RNA-seq Expression Homework — Treatment Shift Version¶

Due Date: Feb 02, 2026¶

RNA-seq Expression Homework (Treatment) — Instructor Solutions

** Author: John Doe

In this assignment, we will

(1) Simulate gene expression data

(2) Implement function to compute gene-level summaries

(3) Filter genes, and normalize expression matrices.

(4) Perform differetial gene analysis using Student t-test

(5) Use volcano plot to inspect the result.

Do not change function names or arguments¶

How to use:

  1. Run the simulation cell to create an example dataset (df_expr, df_meta) with a subset of genes shifted in the Treatment group.
  2. Implement the functions in the cells marked TODO.

Learning Objectives¶

  • Practice NumPy and pandas operations
  • Filter low-quality features
  • Detect genes with treatment-associated mean shifts

Sections

  1. Simulated data with treatment effect (run to get df_expr and df_meta)
  2. Implementations (fill in the TODO cells)
  3. Exploration & tests (run these after implementing)

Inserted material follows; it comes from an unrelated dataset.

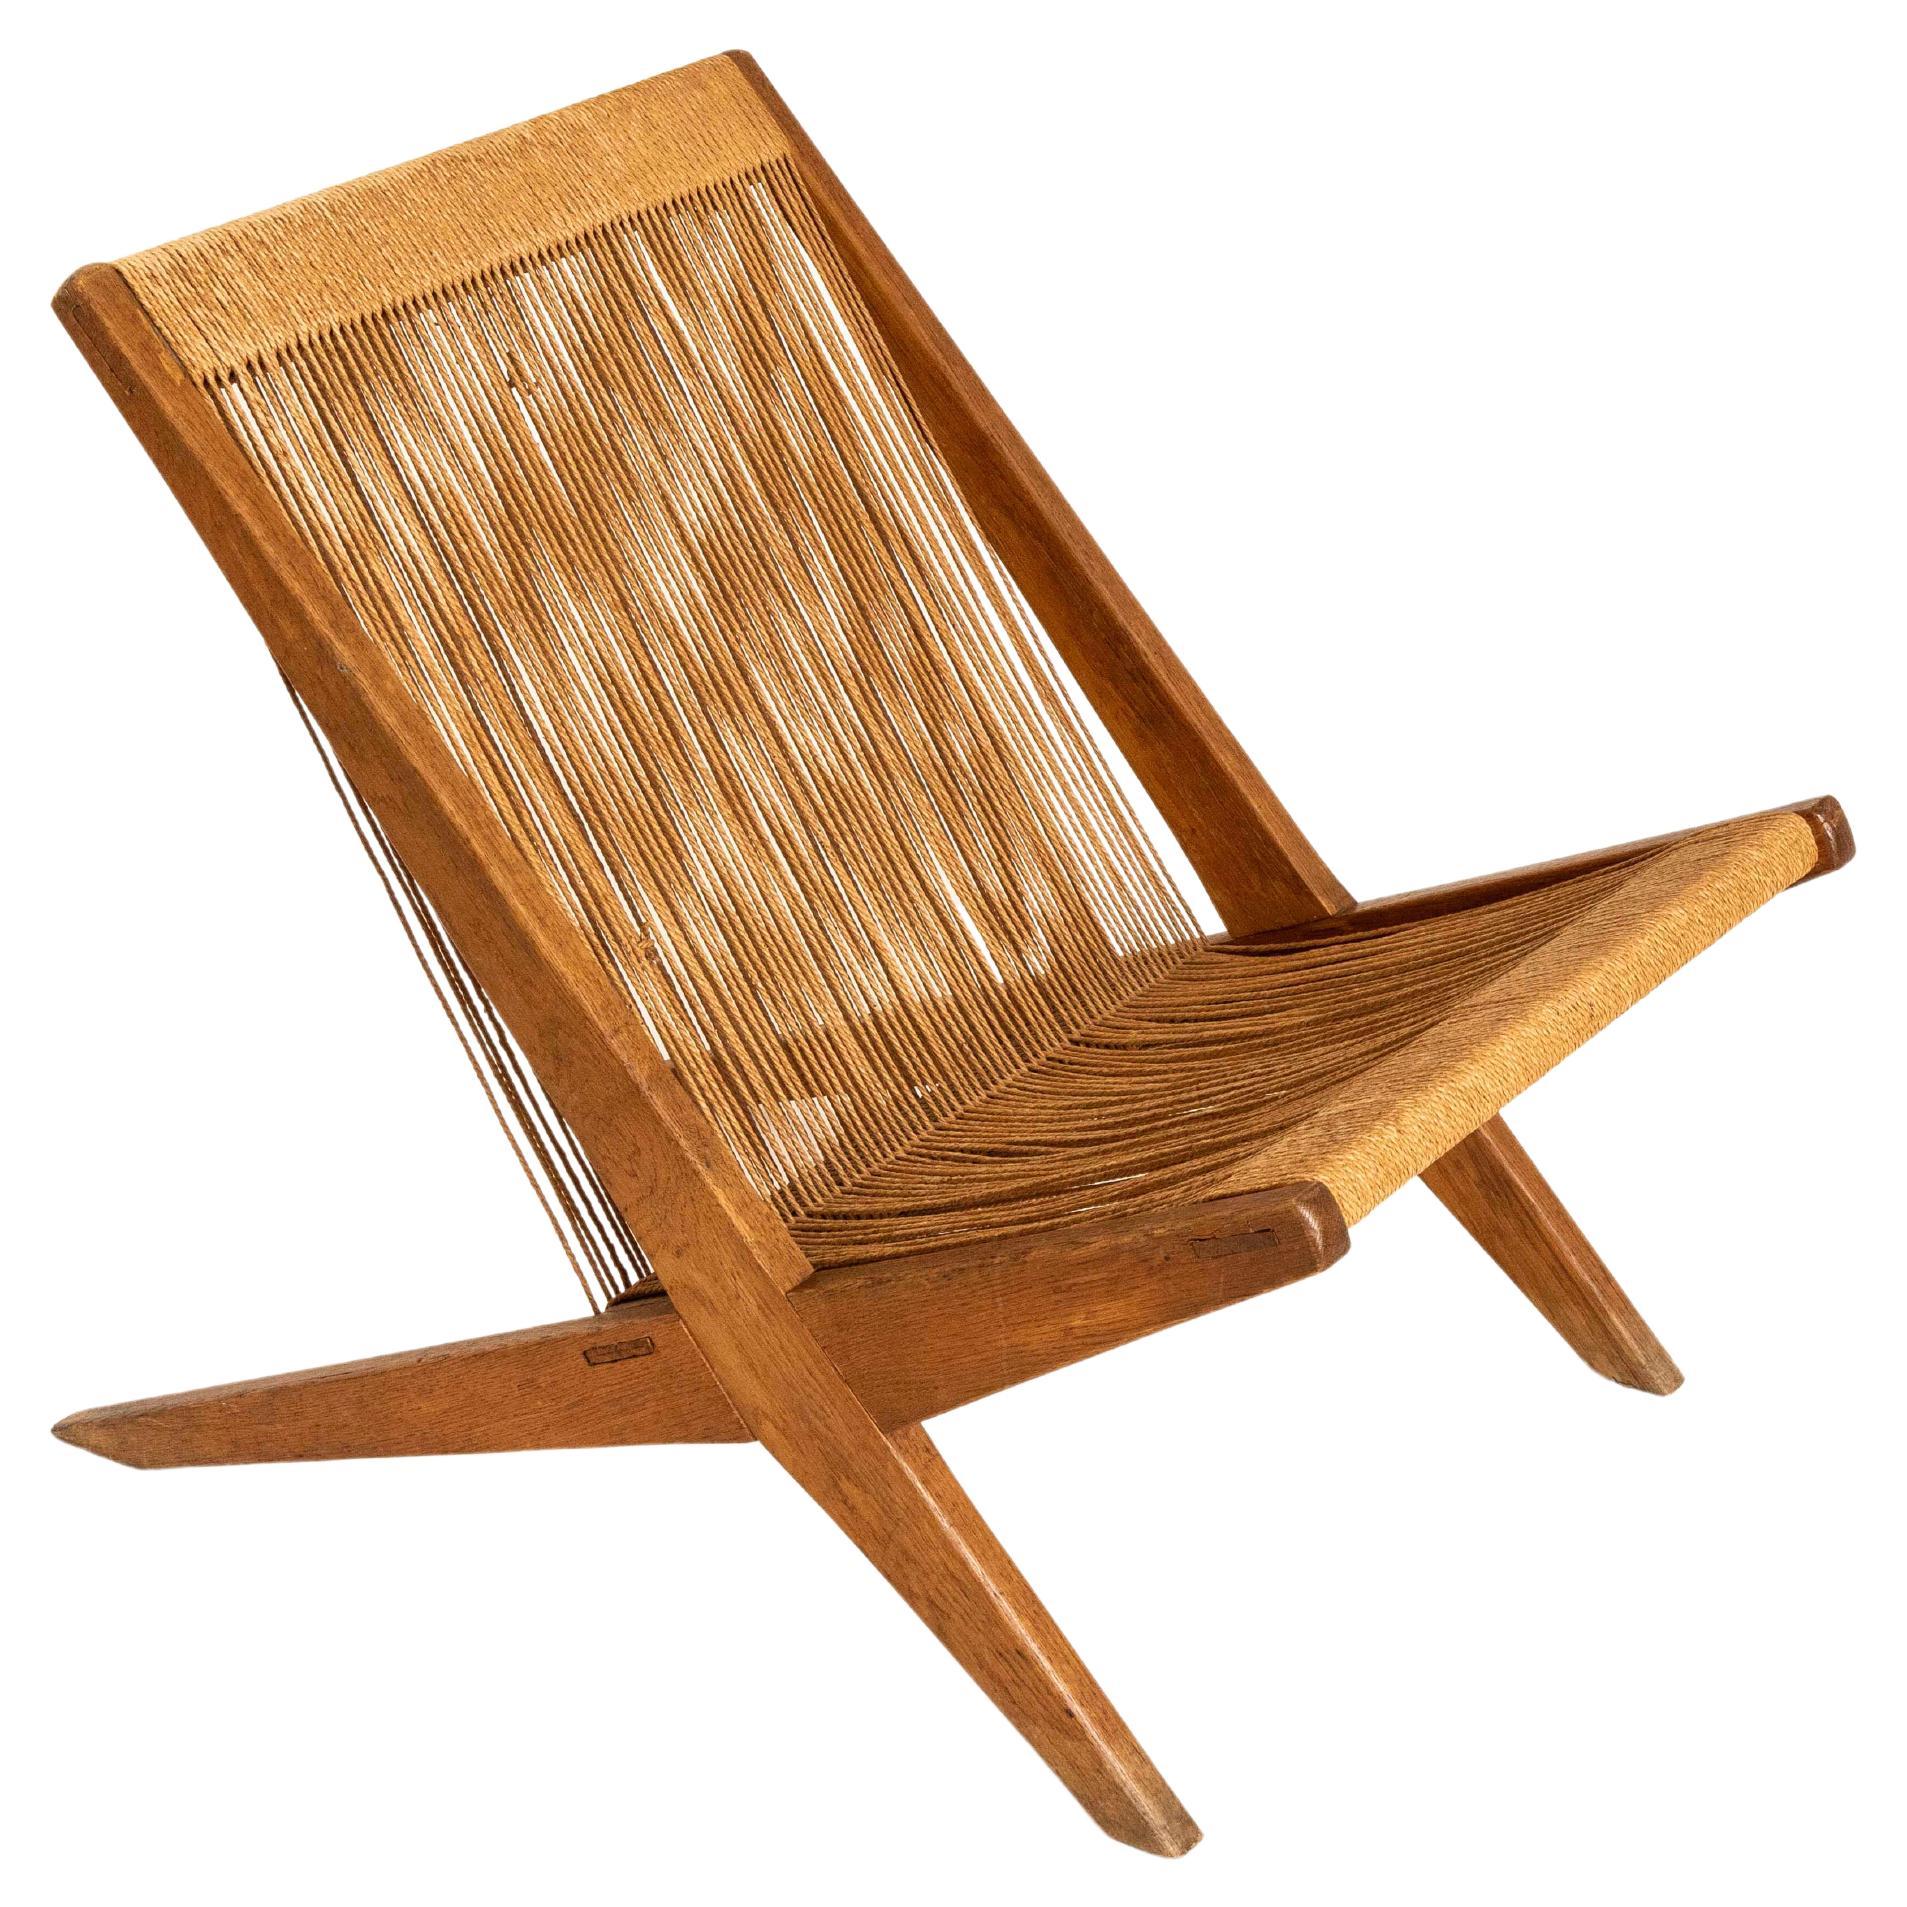 'Rope Chair' Attributed to Poul Kjaerholm and Jørgen Høj, Denmark, 1960s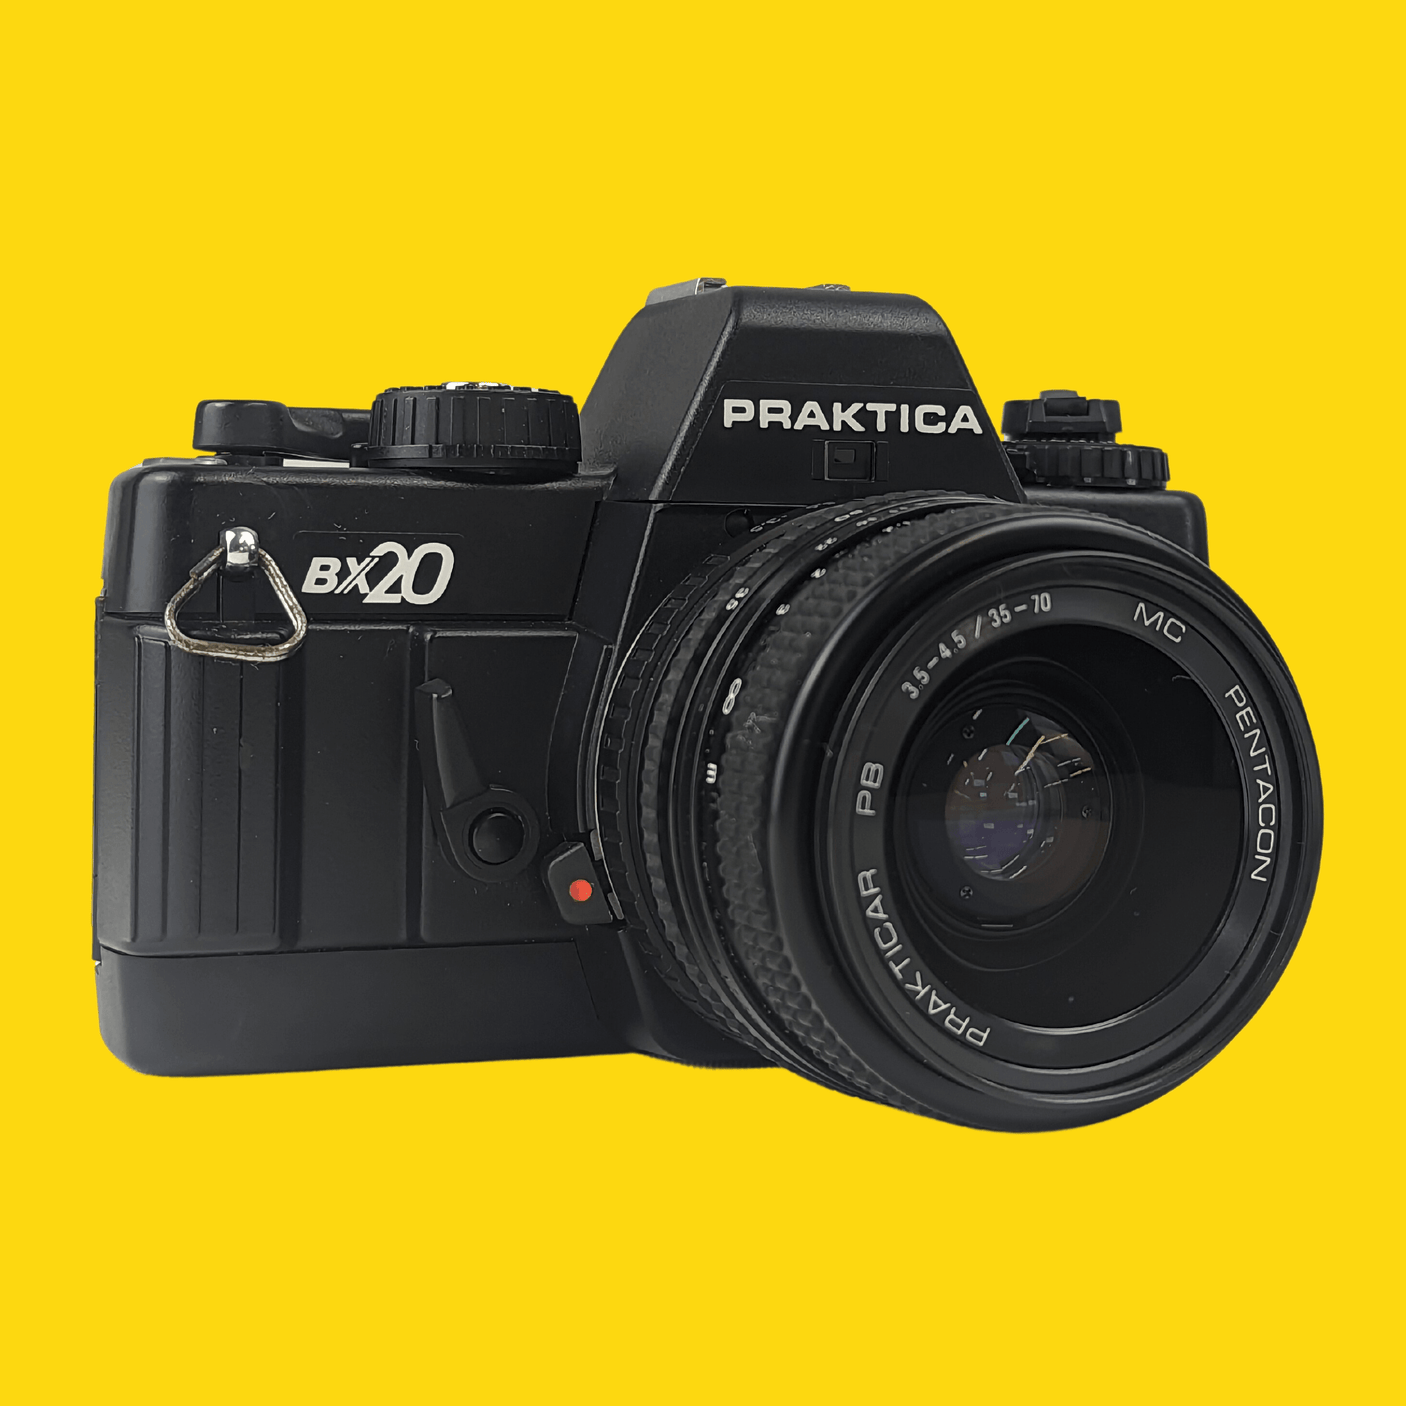 Praktica BX20 Electronic 35mm SLR Film Camera with Praktica lens

Part I: Simulate RNA-seq expression dataset with teatment-specific mean shifts¶

In [1]:
# Simulate an RNA-seq expression dataset with treatment-specific mean shifts
import numpy as np
import pandas as pd
import matplotlib.pyplot as plt


def simulate_dataset(n_samples=60, n_genes=100, n_shift=10, shift_size=3.0, noise_sd=0.2, missing_p=0.0, seed=None):
    rng = np.random.RandomState(seed)
    samples = [f"S{i+1:02d}" for i in range(n_samples)]
    genes = [f"Gene{g+1:05d}" for g in range(n_genes)]
    conditions = ["Control"]*(n_samples//2) + ["Treatment"]*(n_samples - n_samples//2)
    df_meta = pd.DataFrame({"sample": samples, "condition": conditions}).set_index("sample")
    baseline_log = rng.normal(loc=1.5, scale=0.6, size=n_genes)
    per_sample_noise = rng.normal(0, noise_sd, size=(n_samples, n_genes))
    expr = np.exp(baseline_log + per_sample_noise)
    # shifted genes
    shift_idx = rng.choice(n_genes, size=n_shift, replace=False)
    treatment_mask = np.array(df_meta["condition"] == "Treatment")
    expr[np.ix_(treatment_mask, shift_idx)] *= np.exp(shift_size)
    # missingness
    if missing_p > 0:
        mask = rng.rand(n_samples, n_genes) < missing_p
        expr[mask] = np.nan
    df_expr = pd.DataFrame(expr, index=samples, columns=genes)
    true_genes = np.array(genes)[shift_idx].tolist()
    return df_expr, df_meta, true_genes
In [2]:
simData=simulate_dataset(
            n_samples=100, n_genes=1000, n_shift=10,
            shift_size=4, noise_sd=0.2,
            missing_p=0.05, seed=44
)
df_expr=simData[0]
df_meta=simData[1]
true_genes=simData[2]

df_expr.head()
Out[2]:
Gene00001 Gene00002 Gene00003 Gene00004 Gene00005 Gene00006 Gene00007 Gene00008 Gene00009 Gene00010 ... Gene00991 Gene00992 Gene00993 Gene00994 Gene00995 Gene00996 Gene00997 Gene00998 Gene00999 Gene01000
S01 2.703283 13.925822 8.355345 2.074732 1.812259 1.667333 12.409141 5.019294 4.089832 8.536002 ... 1.565173 3.476716 5.094963 2.314342 5.183206 14.306271 2.359026 4.629968 3.497944 1.437714
S02 2.949598 11.232153 13.433076 1.189799 1.979275 1.579362 13.044639 2.338486 3.986011 5.690107 ... NaN NaN 4.486724 2.591446 3.469119 11.405596 2.140216 4.702188 3.271724 2.471256
S03 2.466550 12.327434 7.087745 1.596691 1.836656 1.453915 18.294748 4.847640 3.509057 6.524596 ... 2.570030 1.807175 4.083114 NaN 3.105927 12.160771 NaN 4.152616 3.307645 1.607030
S04 4.380852 11.139415 10.147750 1.459345 1.414977 1.367162 12.137341 5.354844 6.099626 4.729234 ... 2.121303 3.450361 6.553294 4.162107 2.856044 15.102878 NaN NaN 3.355429 1.463993
S05 3.188087 9.918421 8.002543 1.912038 1.280222 1.185378 15.780576 4.396150 3.322813 6.121251 ... 2.551916 3.400628 4.730747 2.872398 3.376408 11.082408 2.853187 4.947910 3.224200 1.623399

5 rows × 1000 columns

In [3]:
df_meta.iloc[25:35]
Out[3]:
condition
sample
S26 Control
S27 Control
S28 Control
S29 Control
S30 Control
S31 Control
S32 Control
S33 Control
S34 Control
S35 Control

Questions¶

  1. Explain how the treatment shift works in the code above? Add code below to find out what are the shifted genes?
  2. Save the gene names of the shifted genes into a csv file (ShiftedGenes.csv) in a local folder. We will use this file later.

Part 2 — Gene filtering¶

Implement filter_genes(df_expr, max_missing=0.8).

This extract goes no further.